Luísa Maita offers up a fresh mix of samba, bossa nova and MPB01 July, 2010
There seems to be a neverending stream of youthful, female singers coming out of Brazil at the moment: Céu, Maria Rita, Mallu Magalhães and Clara Moreno are just some of the names that have managed to permeate the Brazilian consciousness and gone on to have international success. Adding to this list surely will be Luísa Maita, a São Paulo singer who has seemingly been making music since she was born.
Born to a musician father (Amado Maita recorded a solo album in the 70s) and a concert producer mother she has been surrounded by music her whole life. “My main influences come straight from my family: my family left me the samba school spirit and the personality of that rhythm; my uncle Daniel Taubkin is a great singer/songwriter whose style was a model to me because his music is a mixture of a lot of different influences; my aunt Rita Figueiredo influenced me very much with her intense and sensual singing style.

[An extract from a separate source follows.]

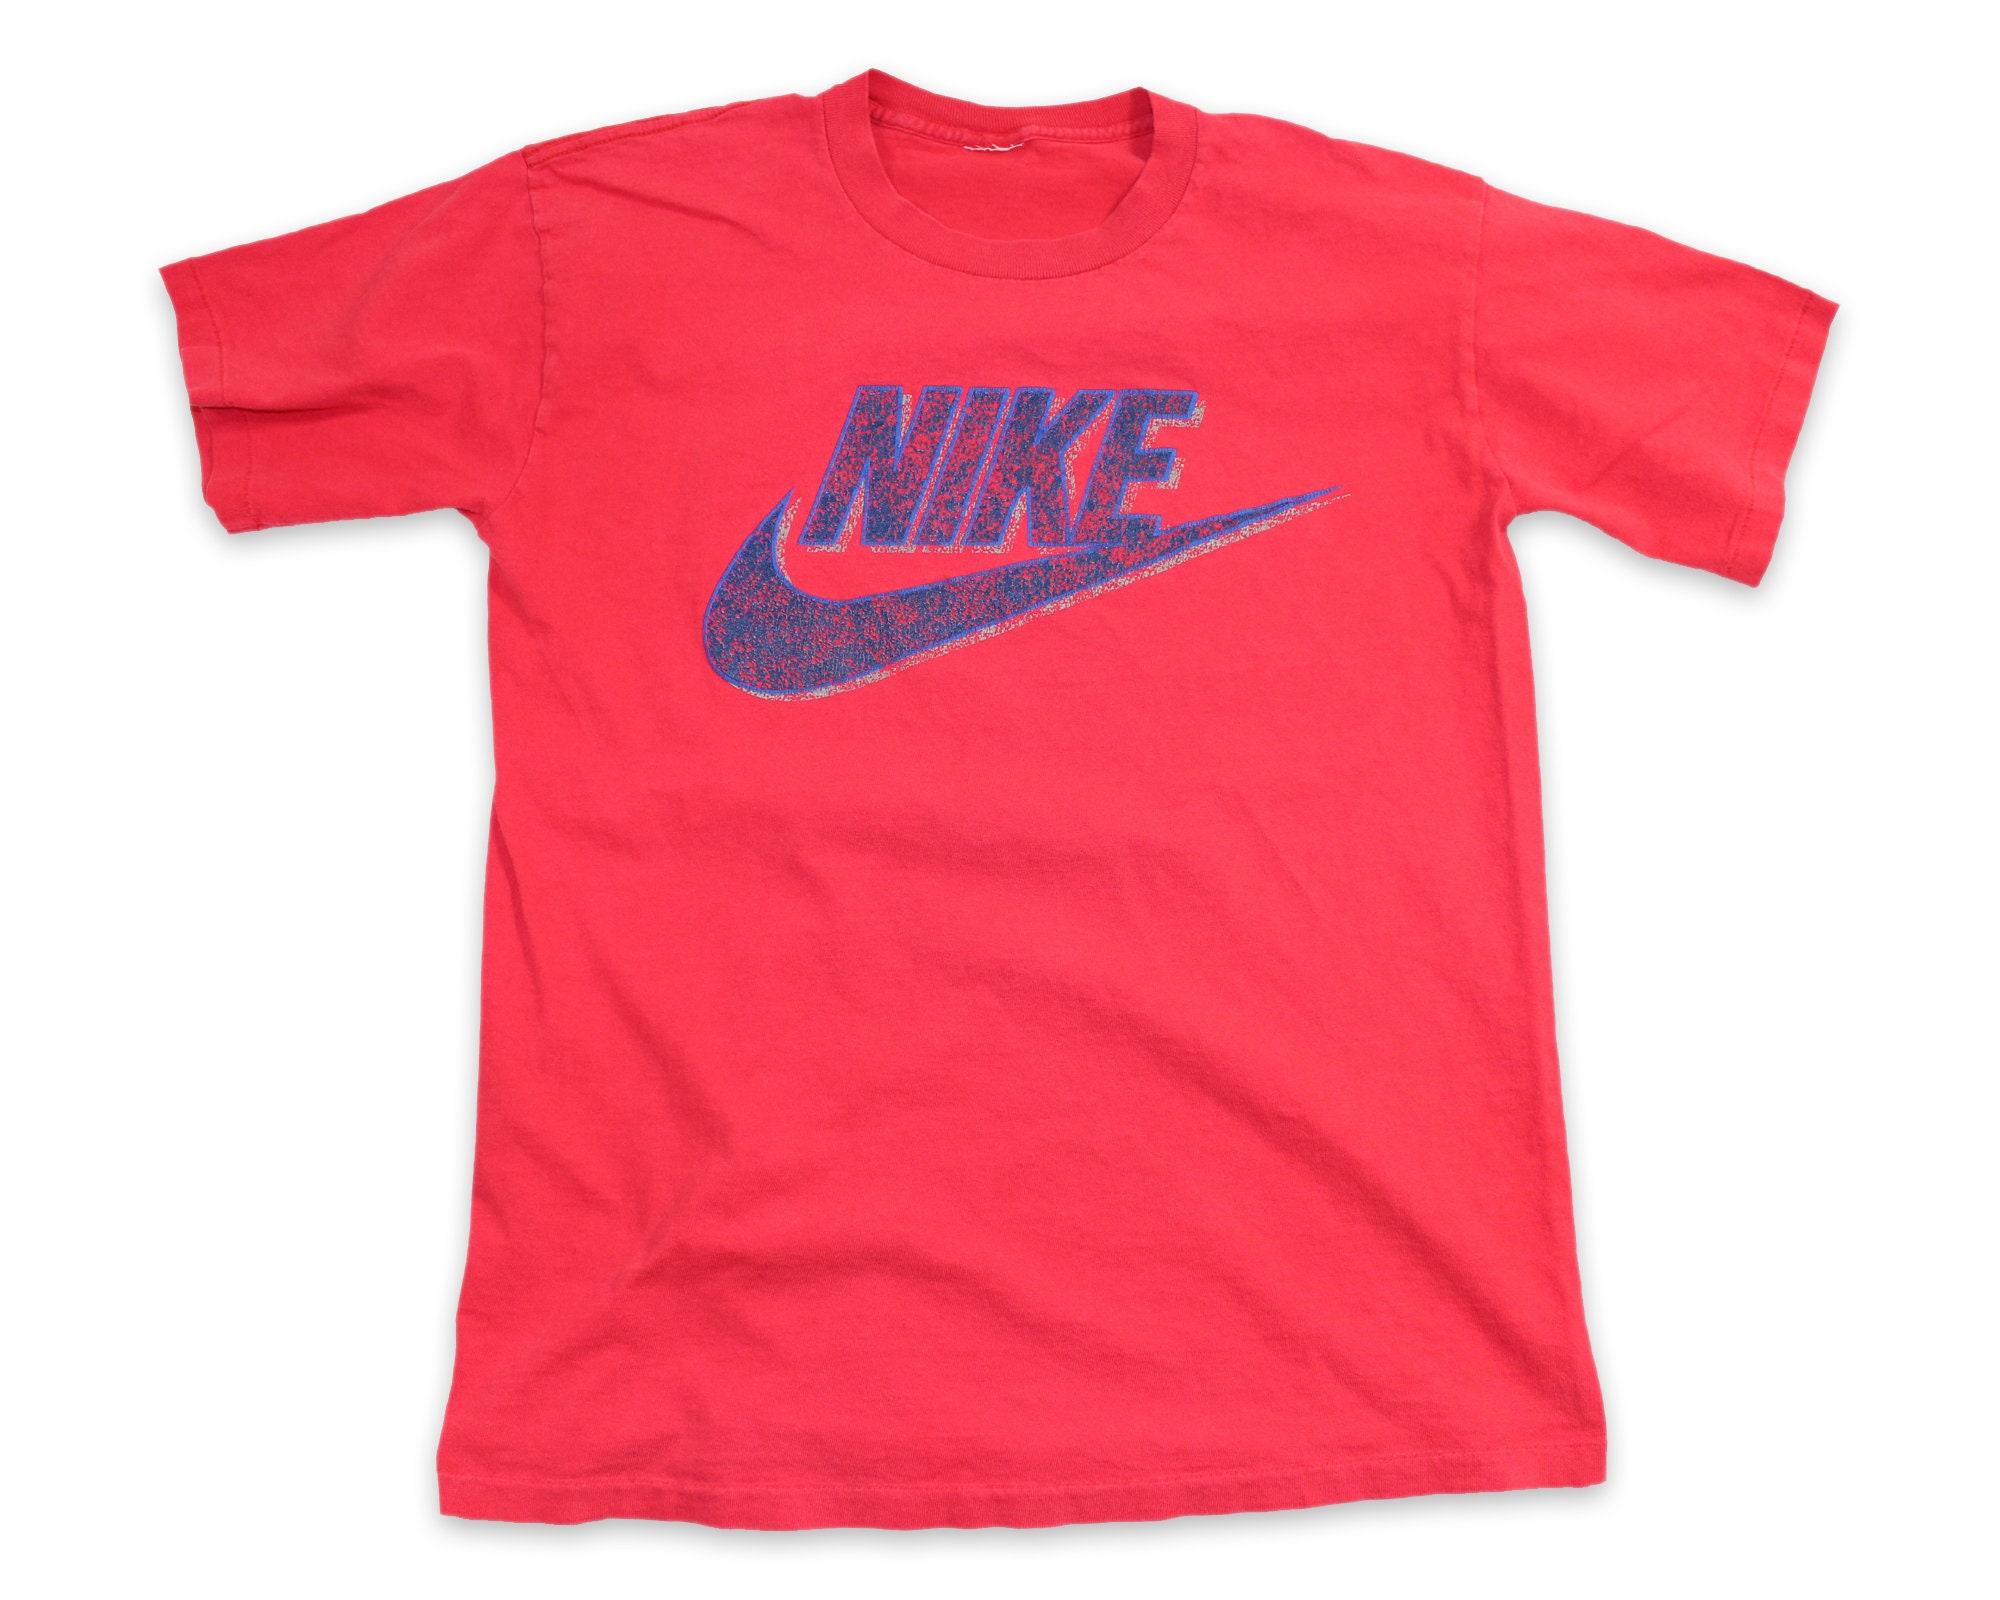 3213b67acba218 90s NIKE SWOOSH Vintage T-Shirt S-M    Iconic Graphic

And there was also Fernando Falcão, who was a kind of godfather to me.” Their record collections also helped in rooting Luísa in music. “My parents listened mostly to samba, bossa nova and jazz: João Gilberto, Tom Jobim, Nana Caymmi, Vinicius de Moraes, Milton Nascimento, Edu Lobo, Baden Powell.”
With this musical footing she started singing at home, her and her sister learning to sing her father’s songs from an early age. At only seven years of age she began recording advertising jingles. Later she began performing in clubs around São Paulo and eventually formed the band Urbanda with Morris Picciotto in 2001. Urbanda had five members: Morris – guitar, Rodrigo Campos – guitar, Luísa – vocals, Marcos Paiva – bass, Douglas Alonso – drums. They recorded one self-titled album in 2003 which gained some recognition; one of it’s songs “Beleza” (written by Luísa and Rodrigo Campos) was selected as one of the best songs of the year by Rolling Stone Brazil.

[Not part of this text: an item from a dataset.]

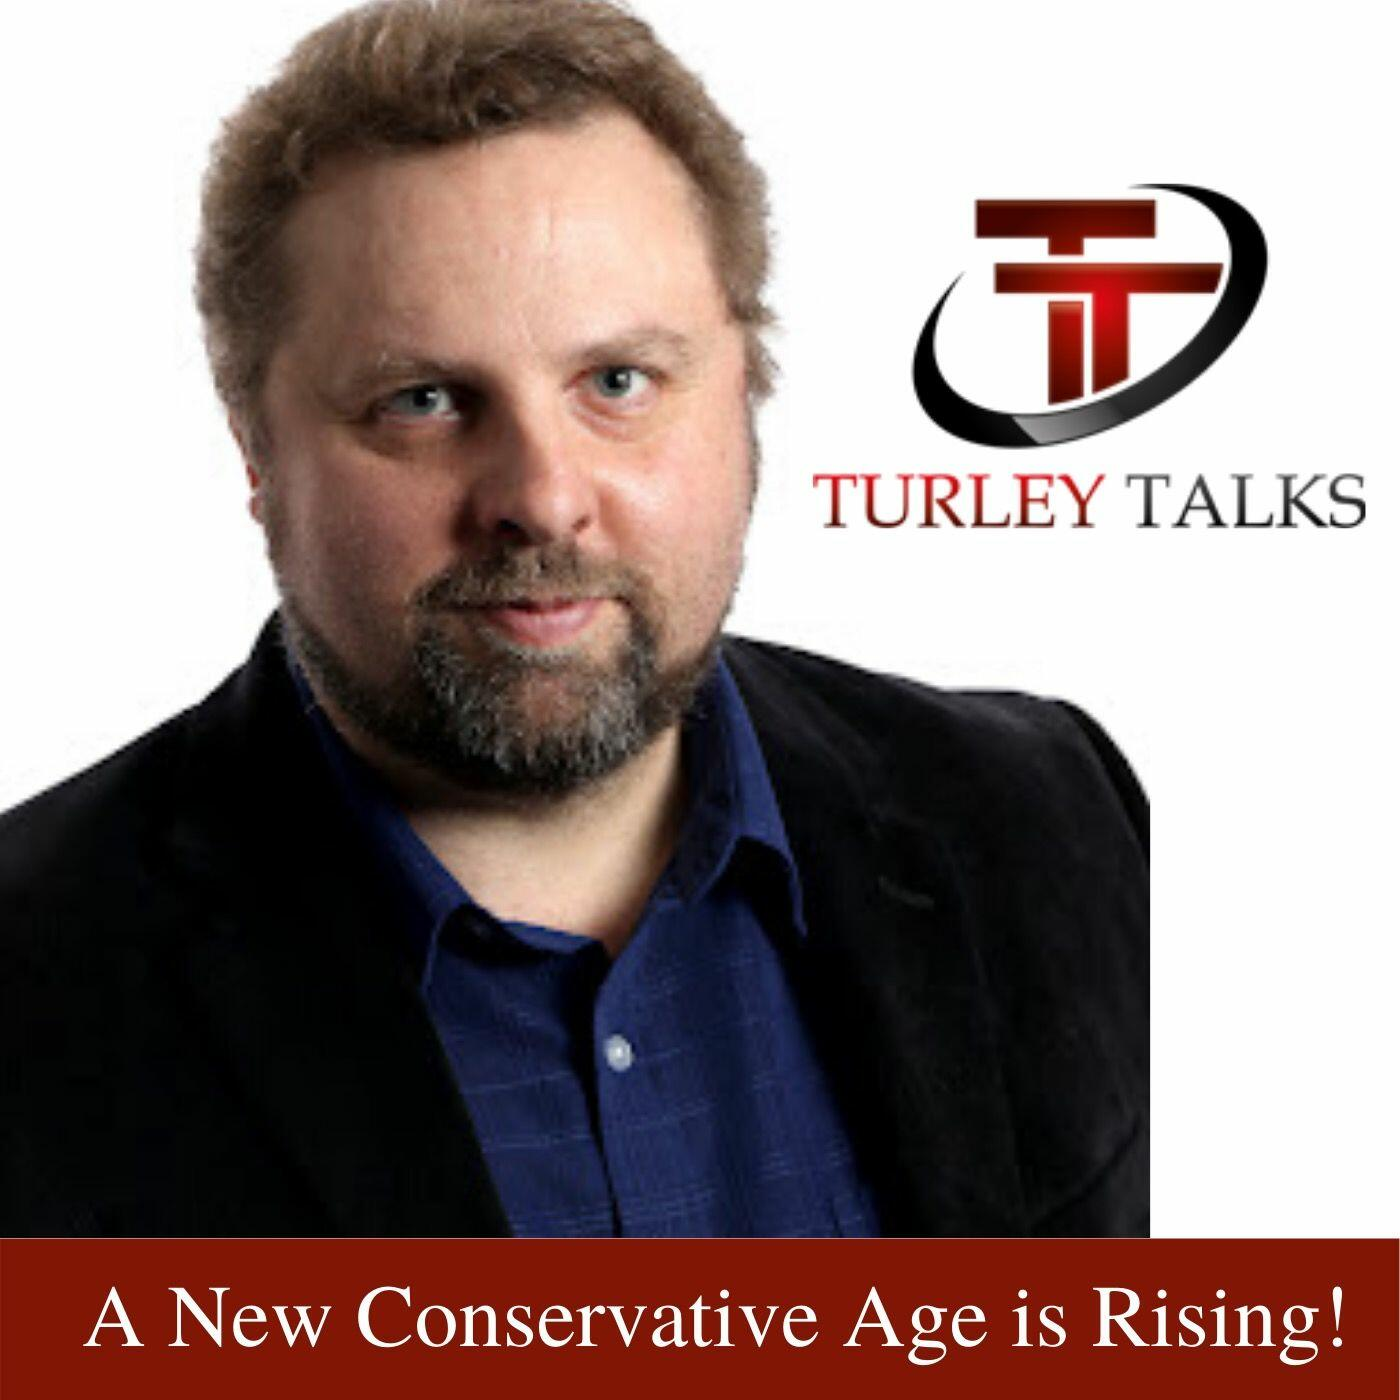 Turley Talks

With this acclaim came some doubts. Luísa wasn’t sure if Urbanda was the right band for her. After some deep thinking she decide to leave Urbanda and begin performing with new material. “I assembled a new band and began to look for interesting places to sing. I wanted to sing songs by the songwriters that were part of my life and whose songs hadn’t yet been released – Amado Maita, Fernando Falcão, Fernando (Tom) Costa, Geraldo Espíndola – as well as my first songs and Rodrigo Campos’s songs.”
This transition possibly added more problems than it solved as Luísa still remained unsure where she was heading and even considered packing it all in. “I wasn’t certain if I should go on singing , if that was my thing or not. I went through weeks and weeks of questioning and doubt. It was then that I decided to stop, try to answer these questions, and begin to develop my own new approach.” This new approach meant Luísa herself writing a new set of songs which finally felt truly her own. With these songs, as well as a couple of contributions from Rodrigo Campos and Morris Picciotto, she set about recording Lero-Lero, her new album.
We should be thankful she stuck with it because Lero-Lero is a refreshing, sultry mix of samba, bossa nova and MPB. There is more of a raw edge than recent bossa nova and electro bossa by artists like Bebel Gilberto or Clara Moreno. The album marks the beginning of what could be a burgeoning talent. This set of original compositions shows that there is real talent here, someone capable of detailing life in São Paulo from a number of different angles. Lero-Lero was released by Cumbancha Dicovery on 21st June in Europe (following on July 27th in the rest of the world).